鮮血ノ花姫
今から4年前、東国と西国との間で戦争が始まった。戦闘に赴いたのは、剣や弓を扱う兵士だけではない。この戦争には、超常の能力を扱う能力者達が多く投入された。
能力者は貴族や平民問わず、突然変異で生まれる。その能力は多種多様だが、発動に何らかの条件が必要であることは共通していた。特定の色の物に触れる、歌う、など…。近年では、能力を増幅させるための個人専用の道具の開発も盛んだ。
能力者をより多く獲得したい。そんな両国の思惑からいつしか戦争へと発展した。が、争いに能力者が投入されると、当然失われるものも多い。より多くの能力者を得るどころか、自国の貴重な能力者を削っている…。これ以上の能力獲得競争は無駄なだけと判断した両国は、2年前にようやく争いを終結させ、和平を結んだ。
ーーー
「それでは、お願いしてもよろしいでしょうか。ファーリン様」
「ええ」
東国の小さな村の孤児院。やや陰鬱な雰囲気漂うその場に似つかわしくないような様相の少女がいた。孤児院の職員からファーリンと呼ばれた、美しい金髪を1つに束ね、真っ赤なドレスに身を包んだ派手な少女。スカートのあたりは大胆に切られていて、右脚はほぼ剥き出しになっている。包帯が巻かれた脚にはホルスターが取り付けられ、短剣が収められていた。
ファーリンは黒い長袖の羽織を脱ぎ、従者らしき別の金髪の少女に手渡す。露になった両腕には、右脚同様に包帯が巻かれていた。そして、少し迷ったような素振りをしてから、左腕の包帯を外す。その下には、古いものから新しいものまで、いくつもの切り傷の痕があった。
ホルスターから、短剣を抜き出すファーリン。その短剣は、抦の部分に薔薇の花の美しい装飾があった。
「まあ…この辺かな」
左腕を見て、比較的傷の浅い箇所を探ると、自ら短剣でスッと傷をつける。そこからじわじわと腕に流れ出す赤い血。ある程度流血したところで、ファーリンは念じるように目を閉じた。

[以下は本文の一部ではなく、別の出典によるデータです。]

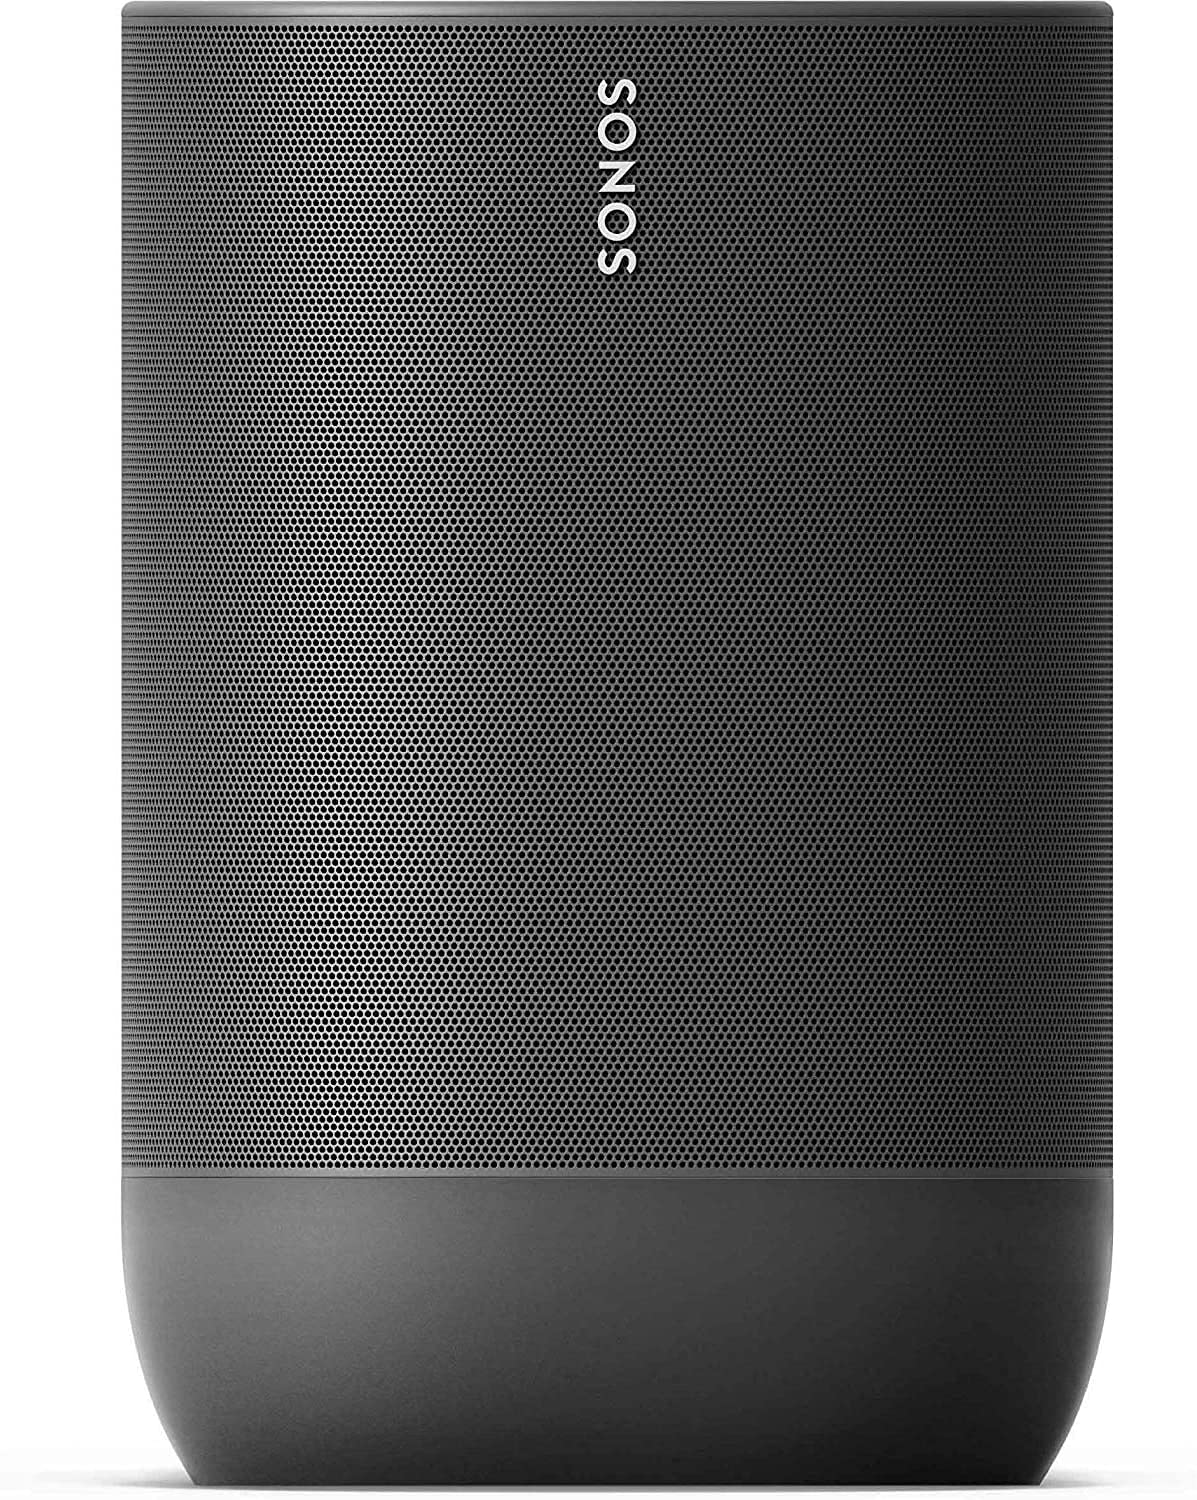 Four Room Sonos Move - Battery-Powered Smart Wi-Fi and Bluetooth Speaker with Alexa Built-in

すると、部屋中に芳しい香りとともにふわっと大量の薔薇の花びらが舞った。孤児院の子ども達や職員から歓声が上がる。
その様子を見て、嬉しげに微笑むファーリン。もう1度自身の腕に短剣を突き付けようとしたが、その手は従者の少女に阻まれた。
「はい、そこまで!止血するのでじっとしててください!」
「別にもうちょっとくらい大丈夫よ」
「そう言ってフラフラになったこと何回あると思ってるんですか!ほら剣収めて!」
「けど…」
「…あ、あの、十分です!みんなのあんな明るい表情、久しぶりで…。これ以上、身を削っていただくわけには…!」
「……そう」
孤児院の職員の言葉で、ファーリンは血を拭い、剣をホルスターに戻した。従者の少女は大きなため息をついてファーリンの止血を済ませると、彼女に水を手渡した。ファーリンは受け取った水を飲むと、職員の女性に言葉をかける。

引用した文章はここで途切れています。